#### [SOURCE MATERIAL]
§
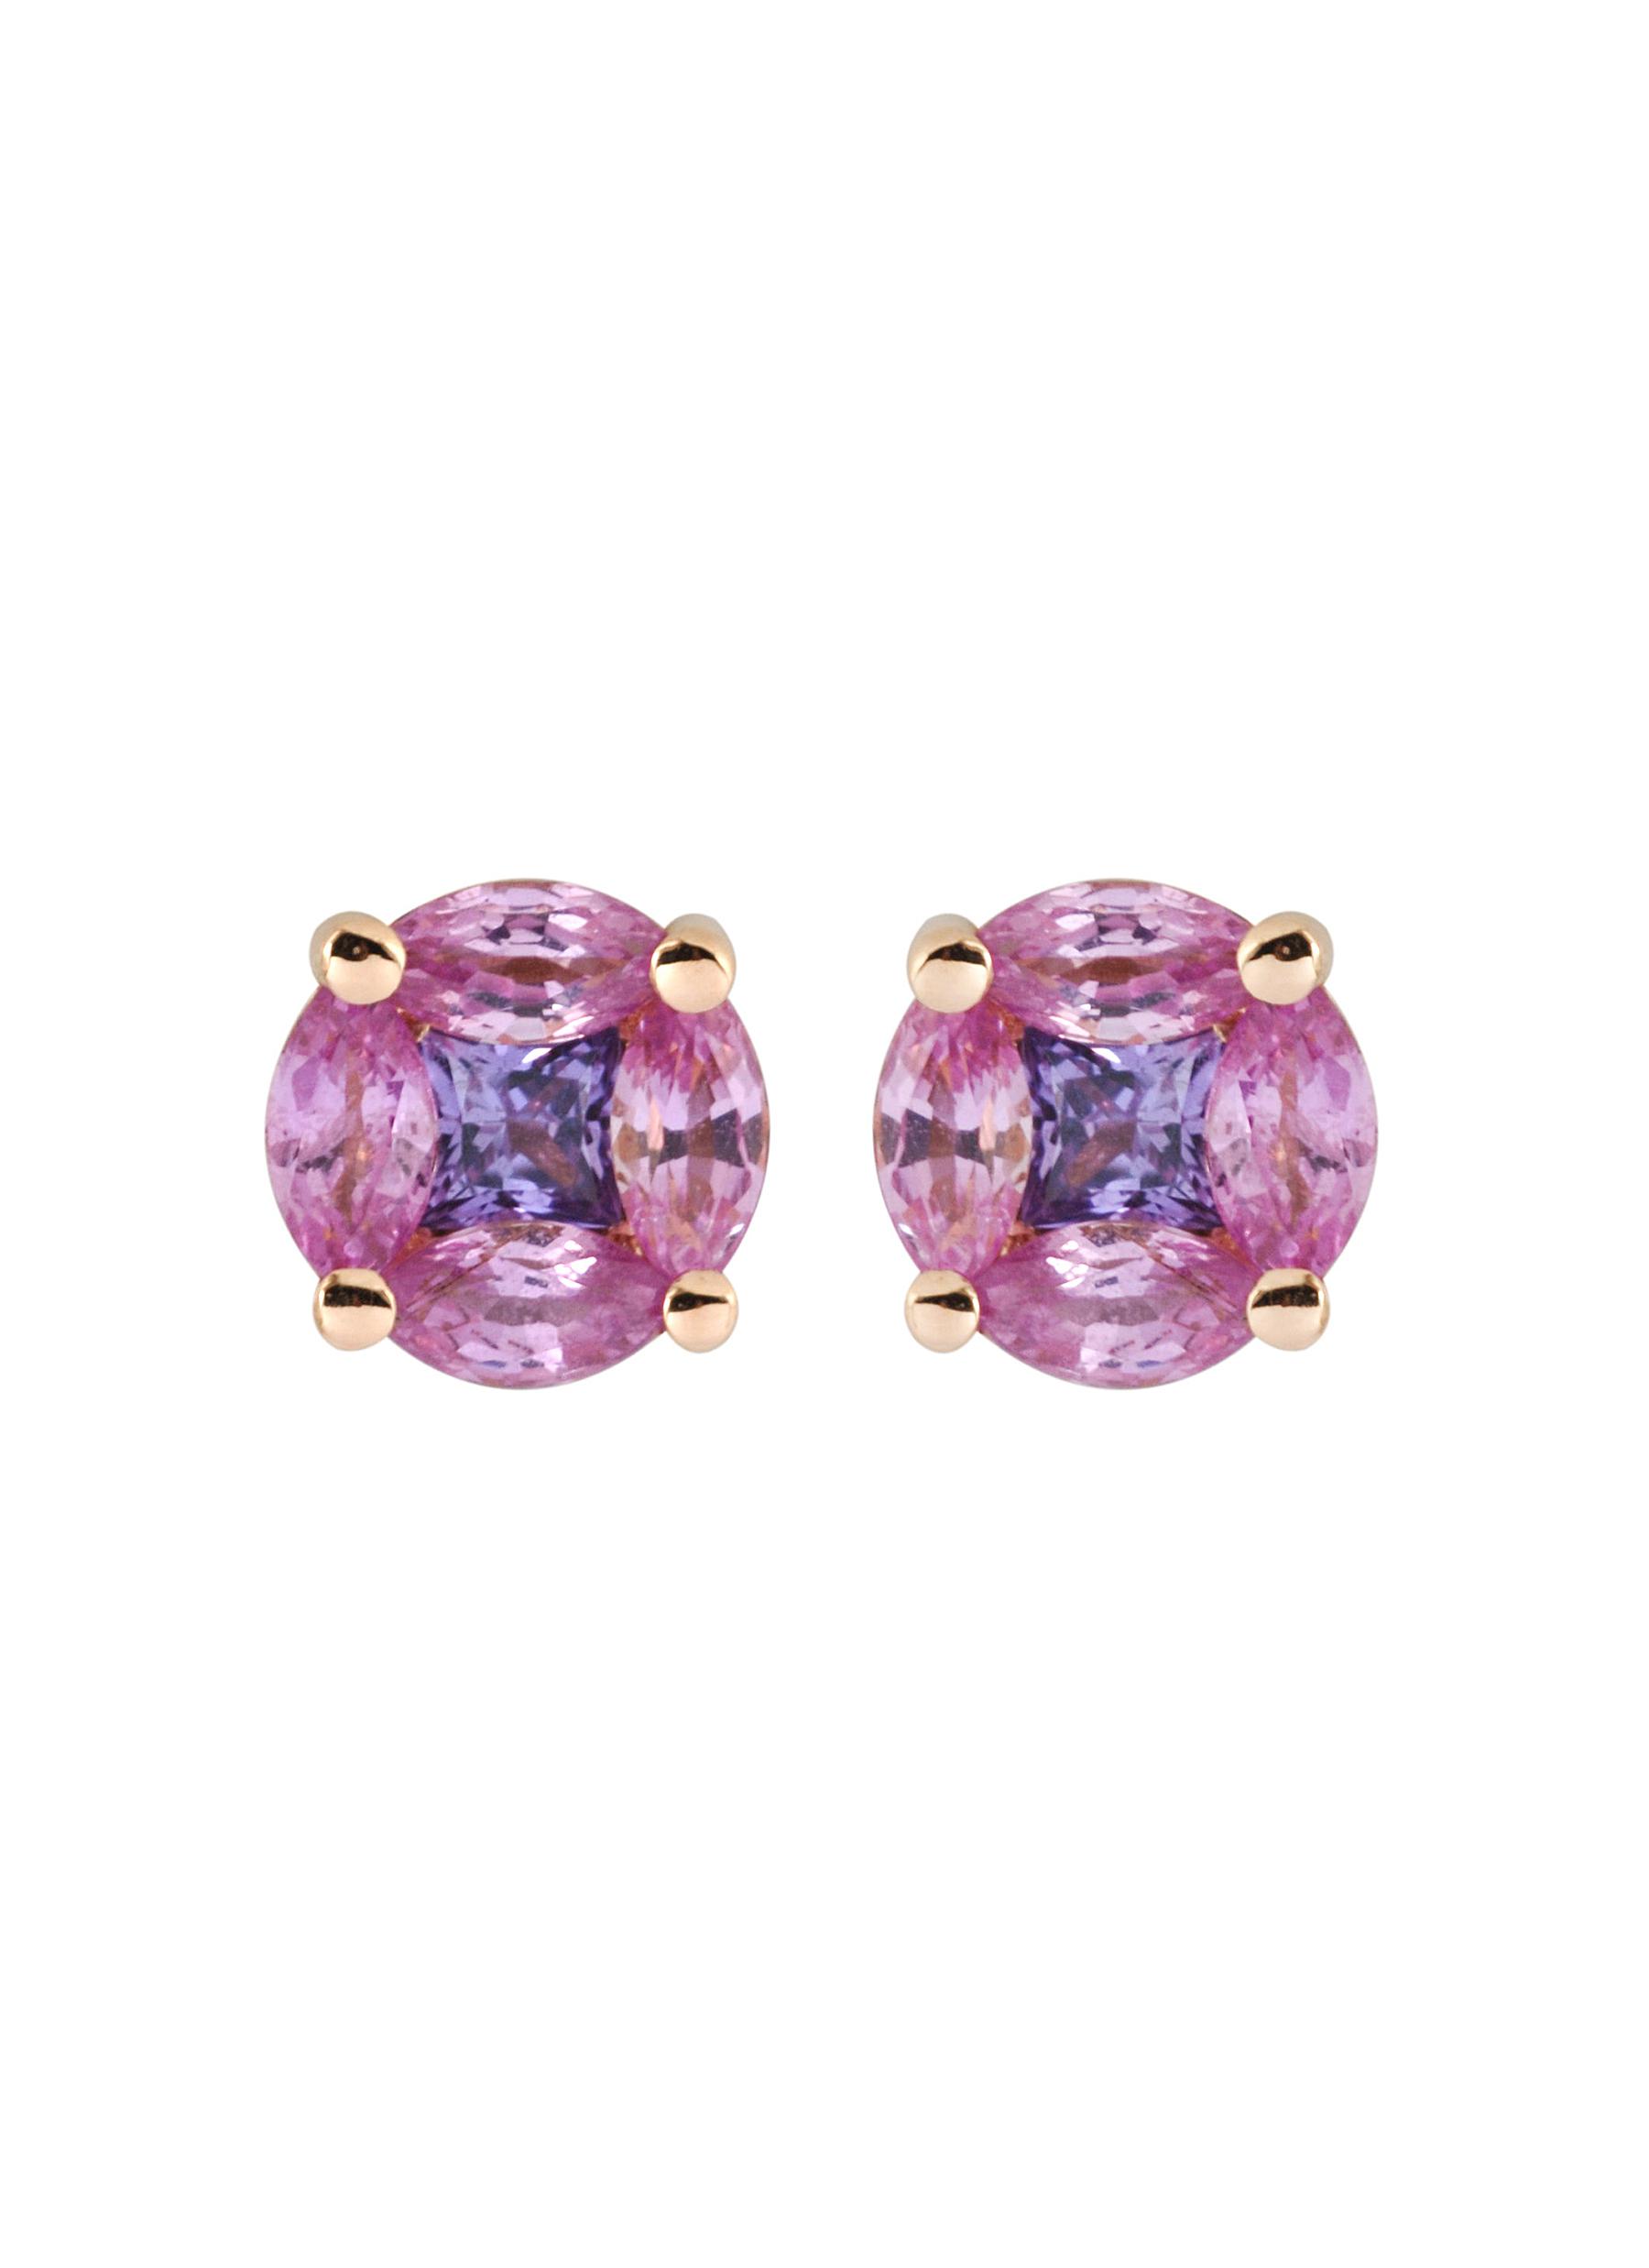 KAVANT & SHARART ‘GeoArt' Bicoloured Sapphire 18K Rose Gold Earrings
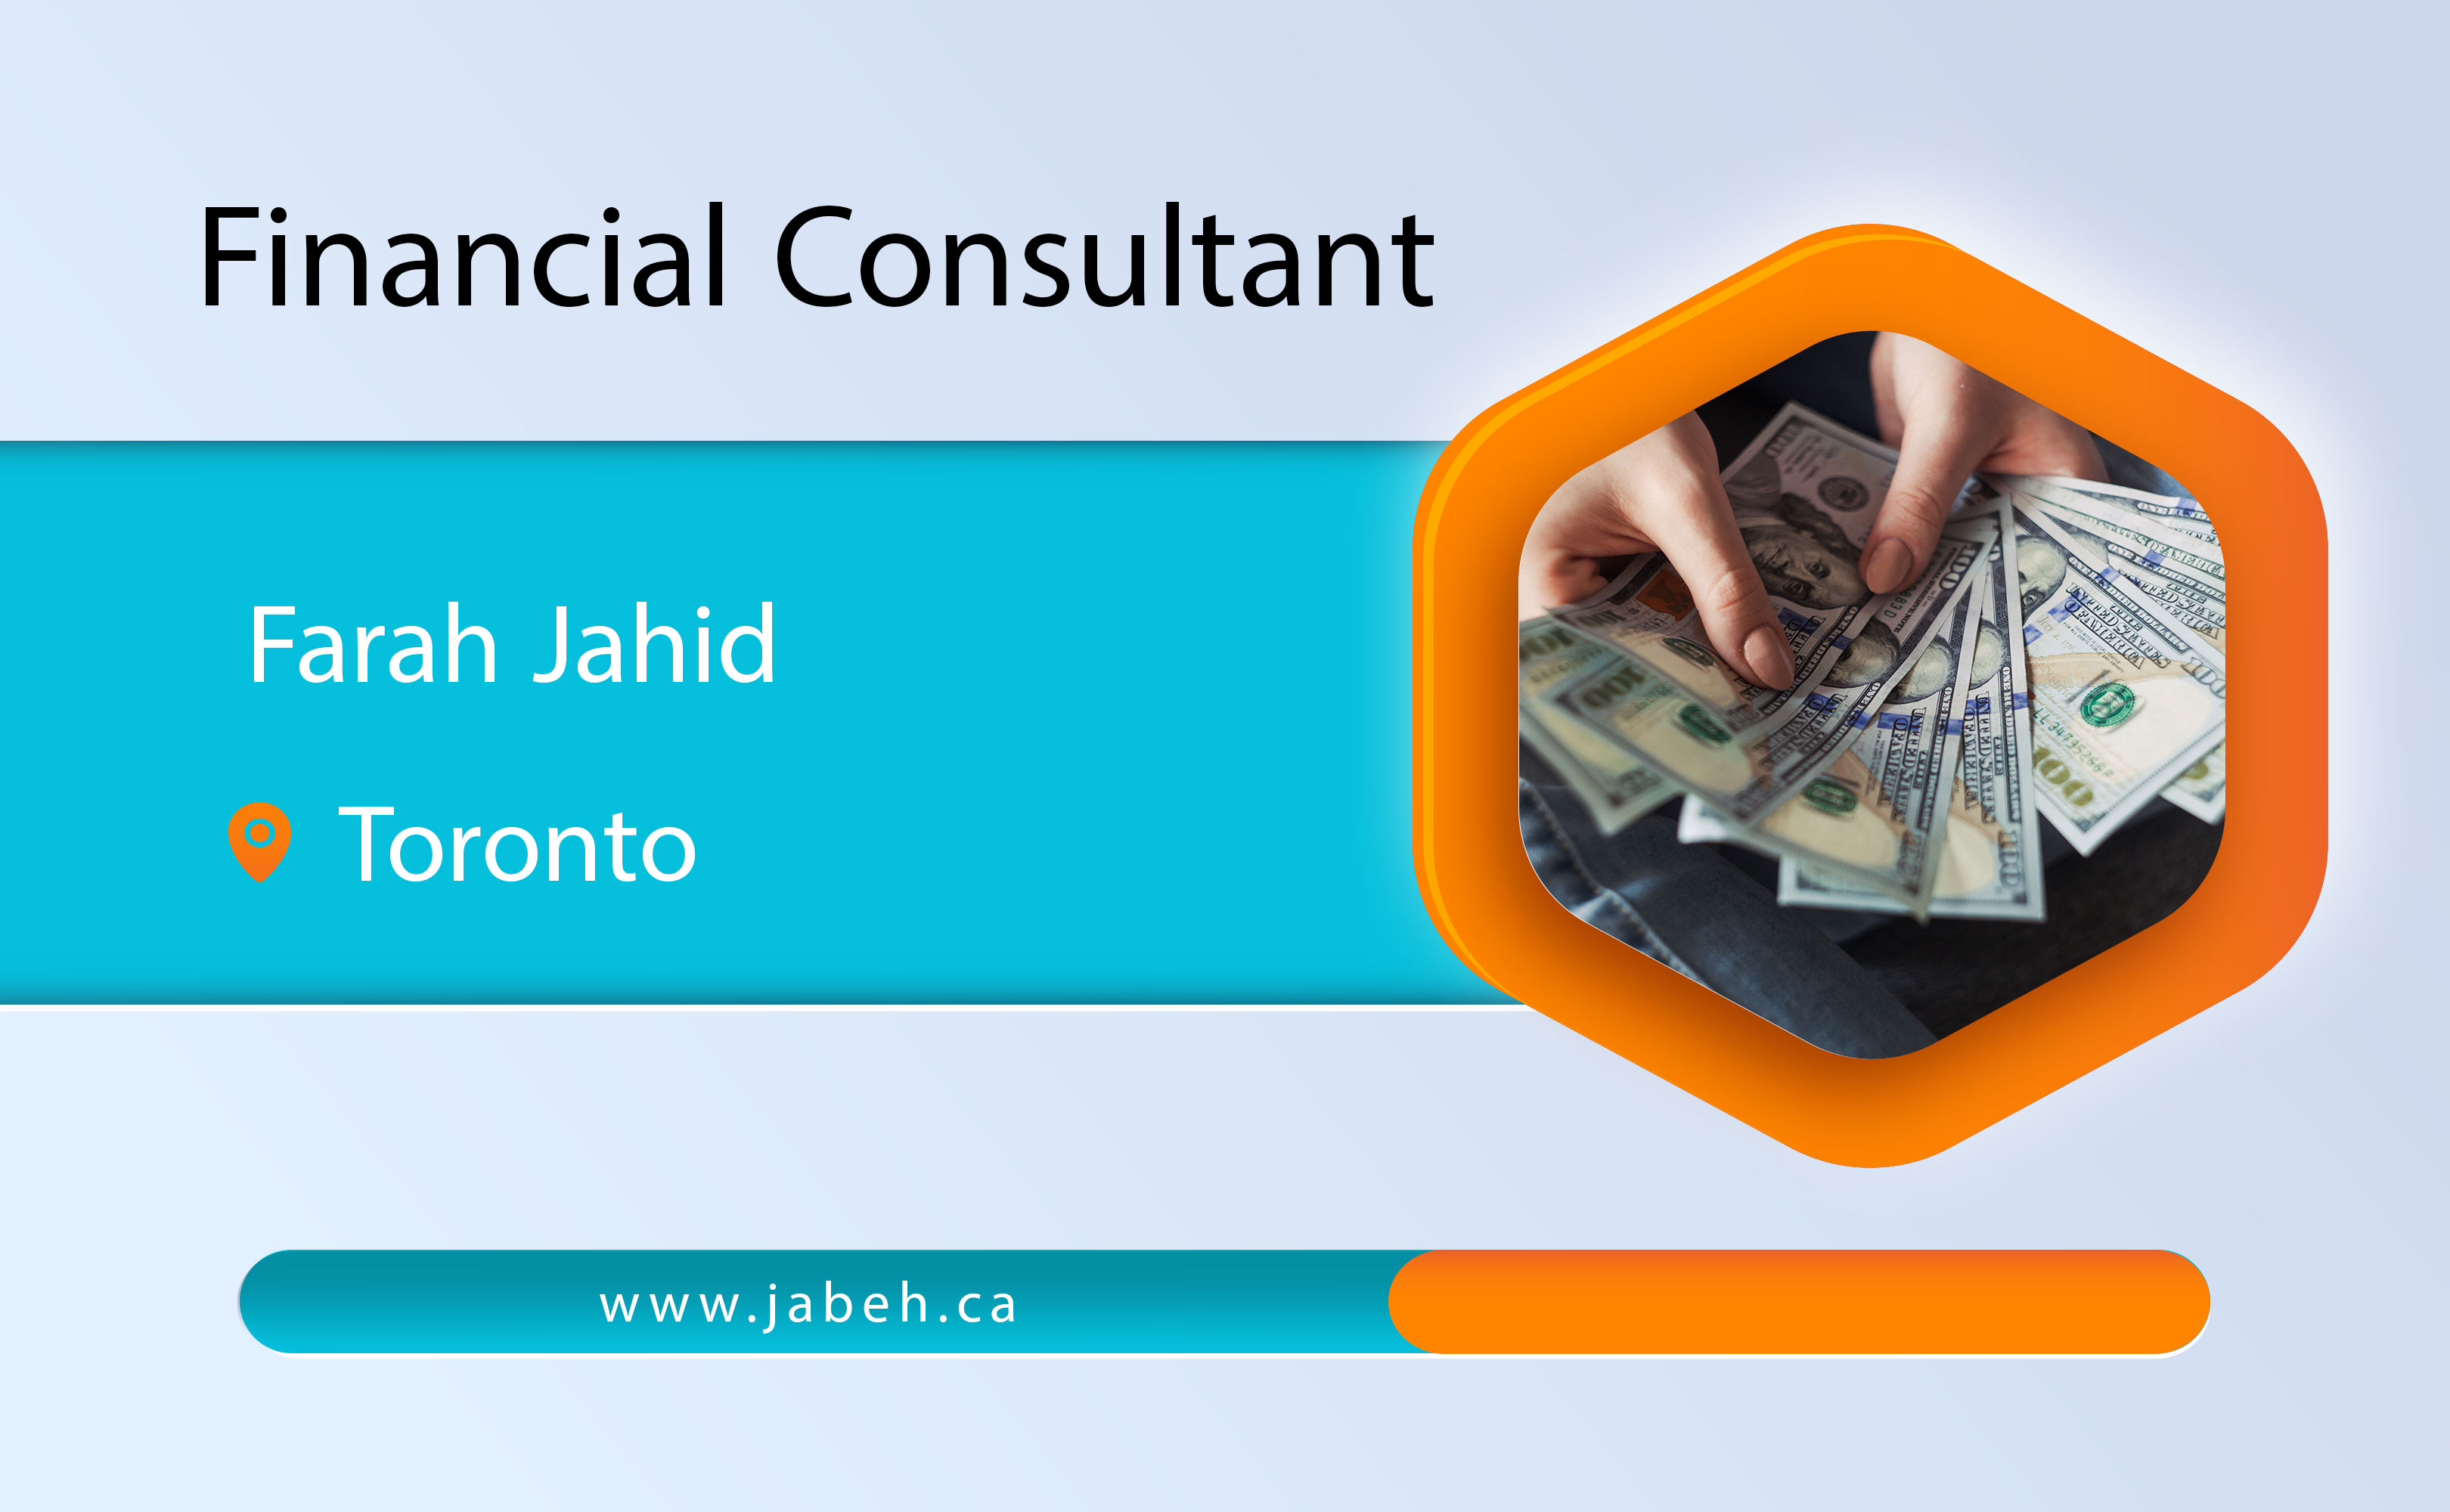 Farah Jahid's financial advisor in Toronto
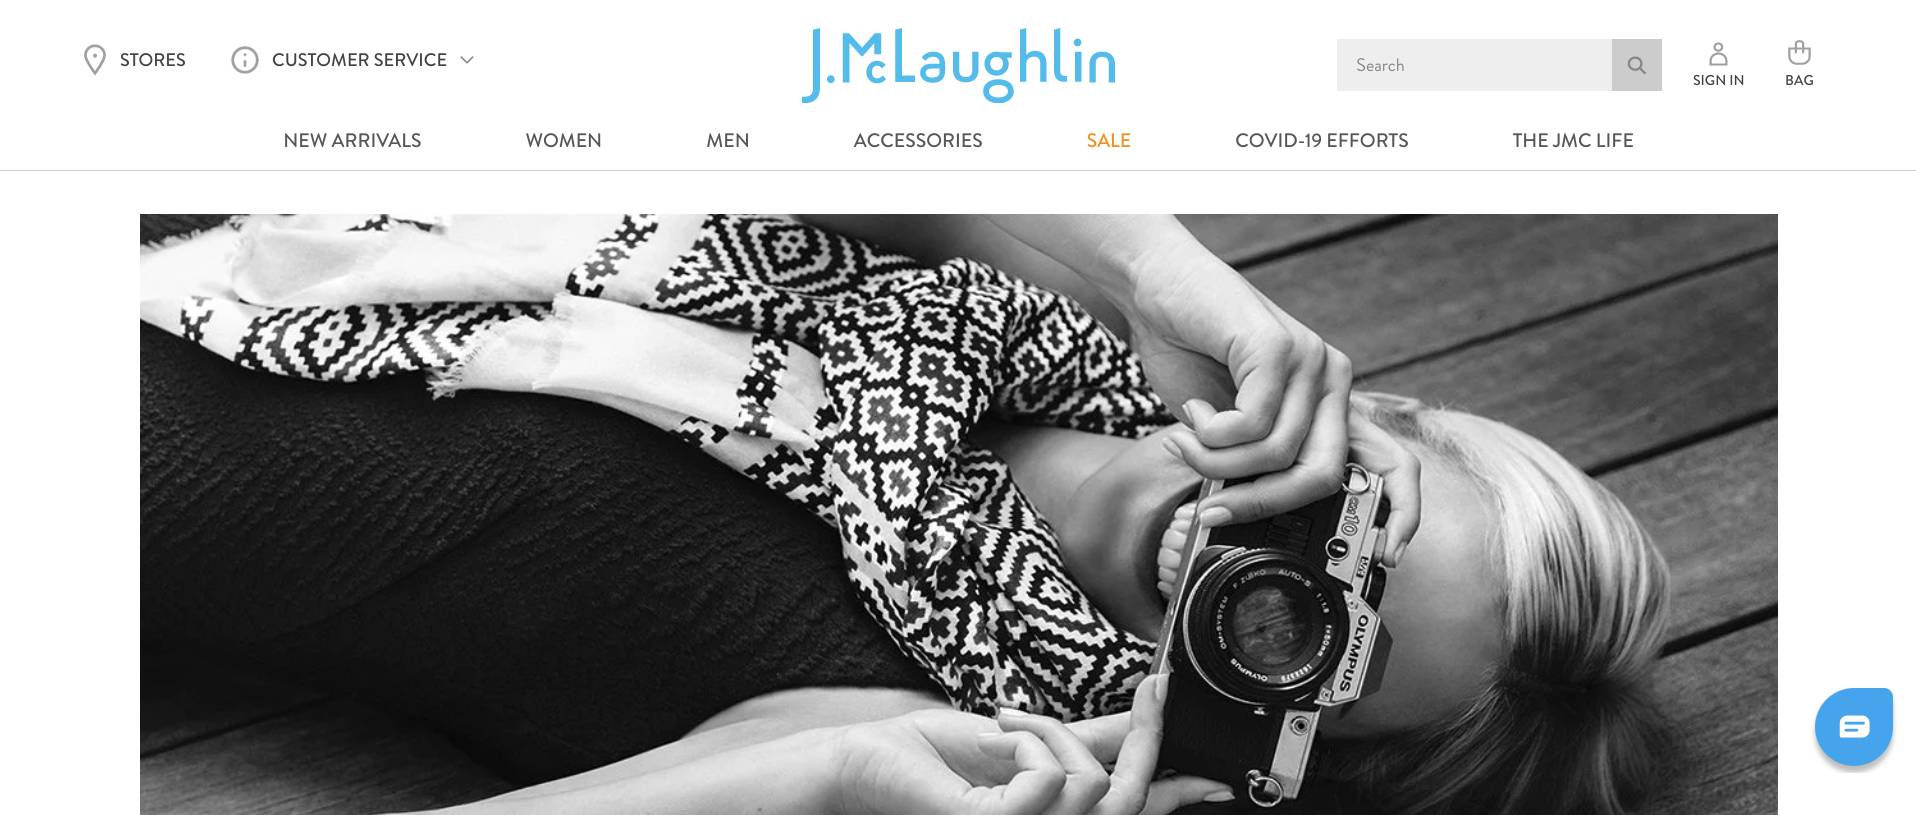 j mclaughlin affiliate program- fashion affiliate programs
§
#### [PROBLEM STATEMENT]
Write all the lines above out again exactly, minus the images.

#### [TASK ANSWER]
 KAVANT & SHARART ‘GeoArt' Bicoloured Sapphire 18K Rose Gold Earrings
 Farah Jahid's financial advisor in Toronto
 j mclaughlin affiliate program- fashion affiliate programs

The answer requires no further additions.